◆ TASK DIRECTIONS: Your answer must be the full listing below, repeated exactly, with no pictures in it.

◆ INFORMATION SUPPLIED:
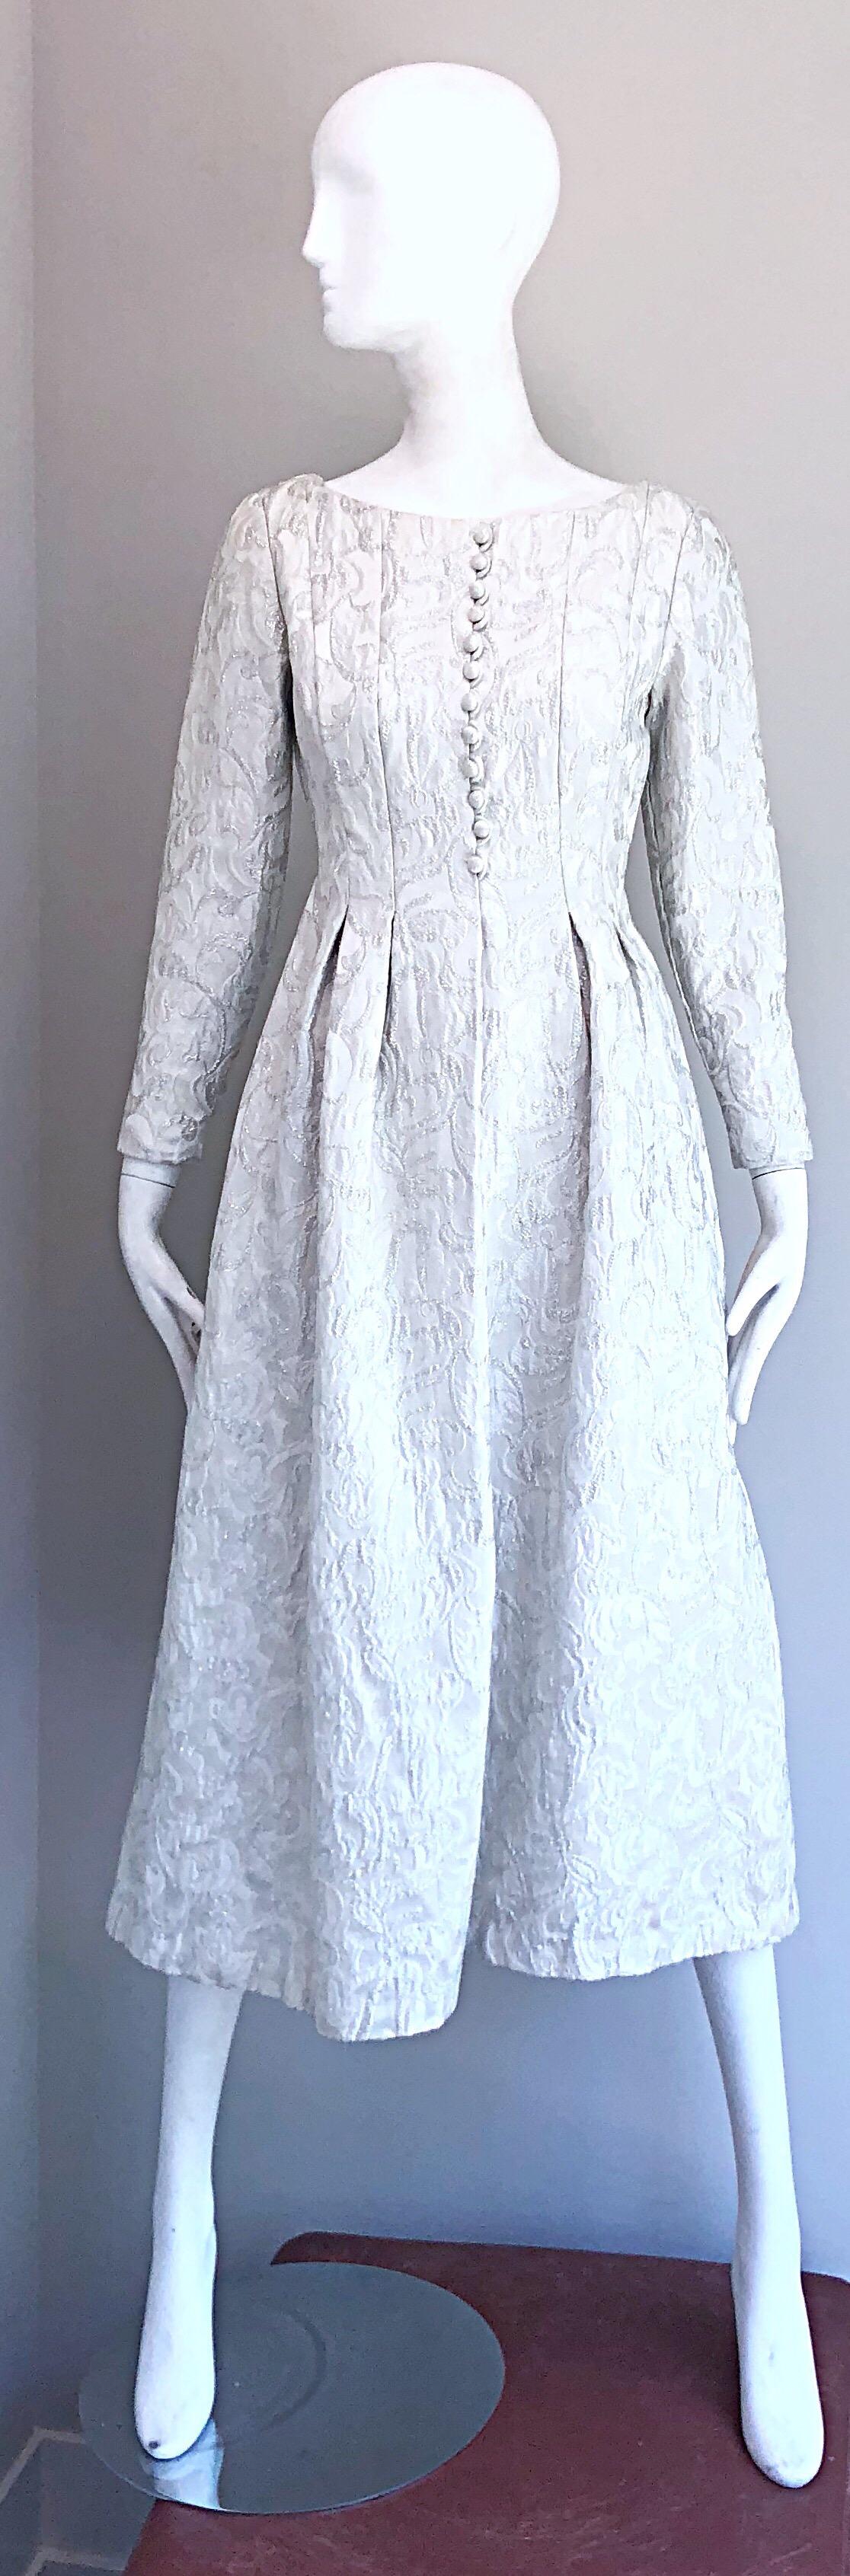 white brocade dress
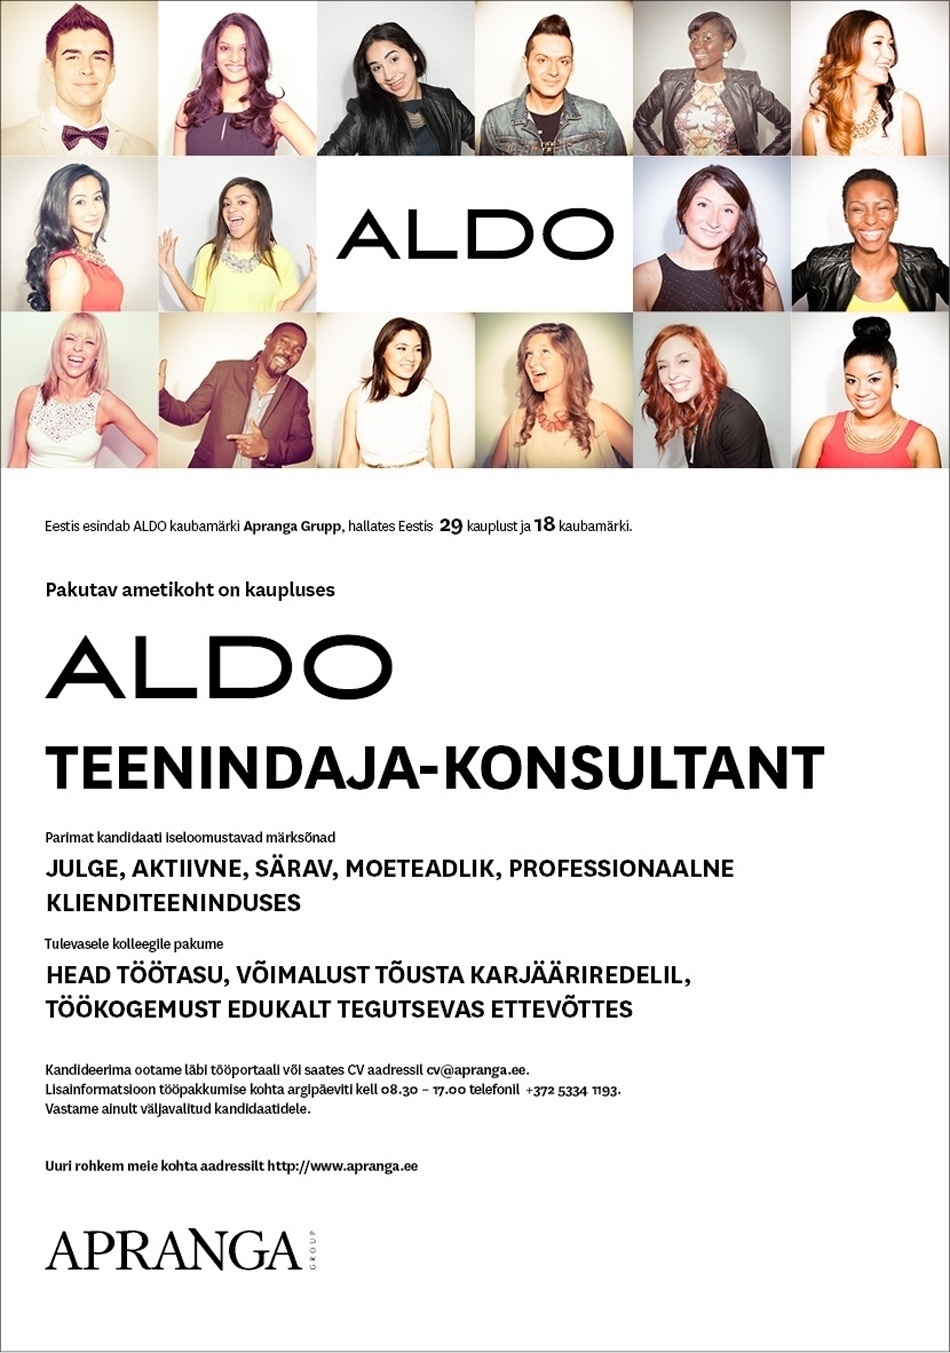 Apranga Estonia OÜ ALDO müügikonsultant
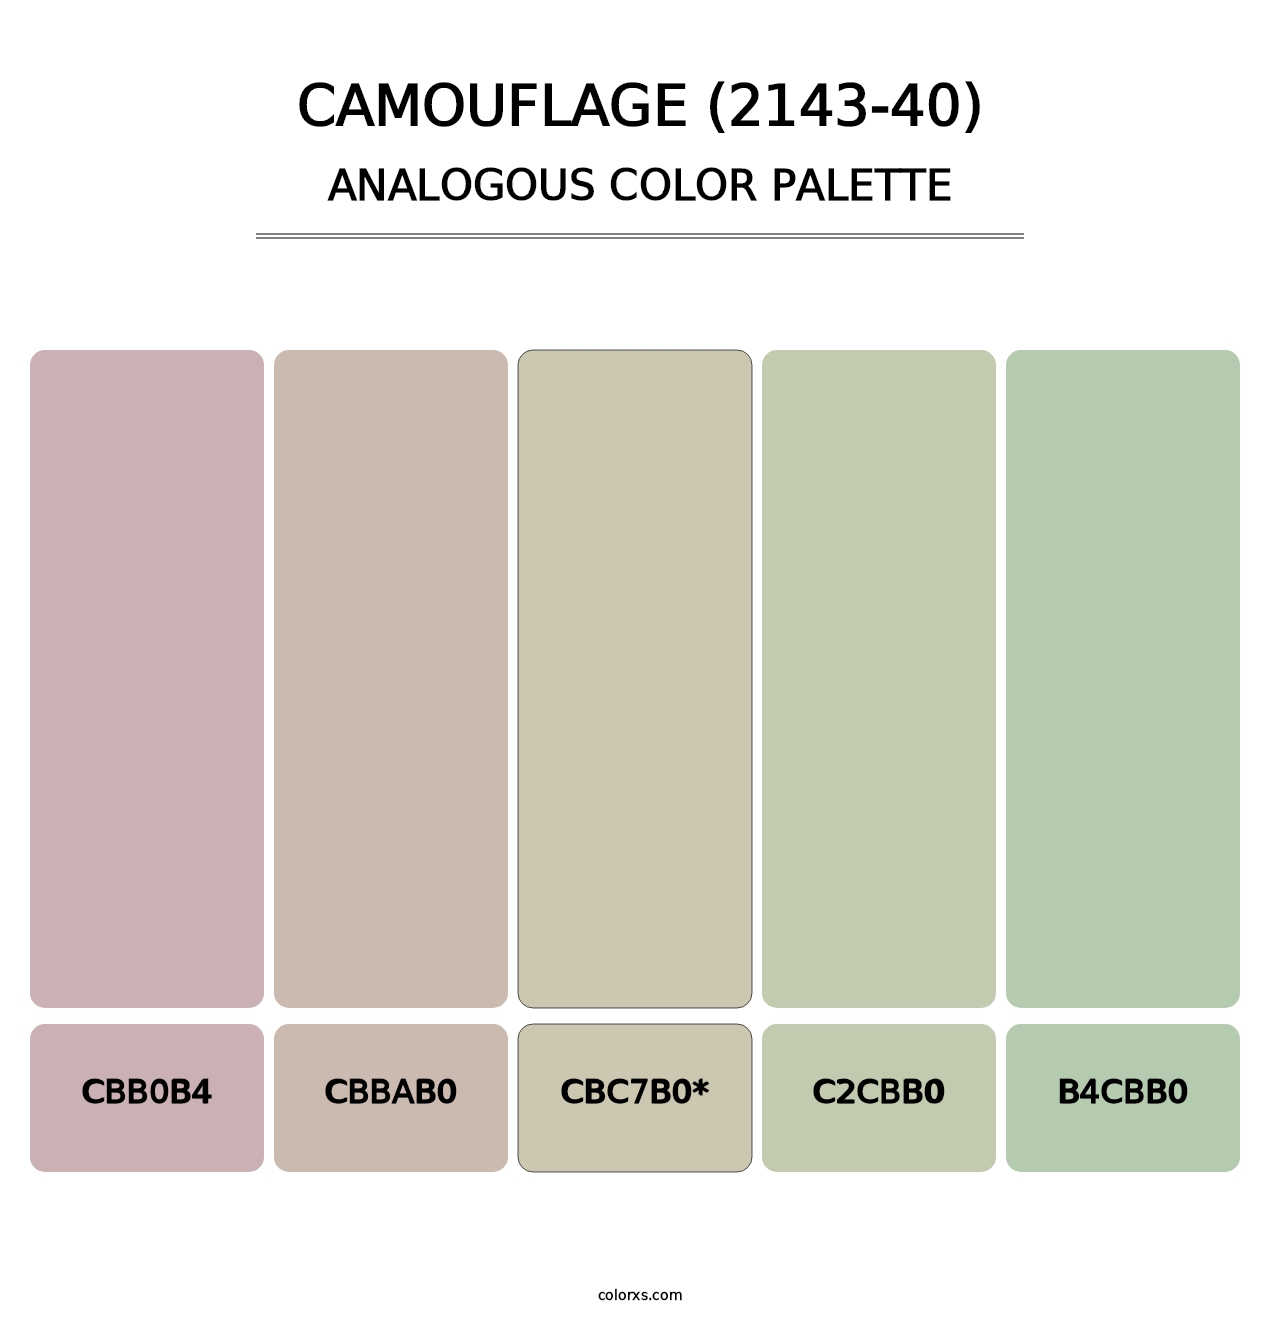 Camouflage (2143-40) - Analogous Color Palette

◆ TASK RESULT:
 white brocade dress
 Apranga Estonia OÜ ALDO müügikonsultant
 Camouflage (2143-40) - Analogous Color Palette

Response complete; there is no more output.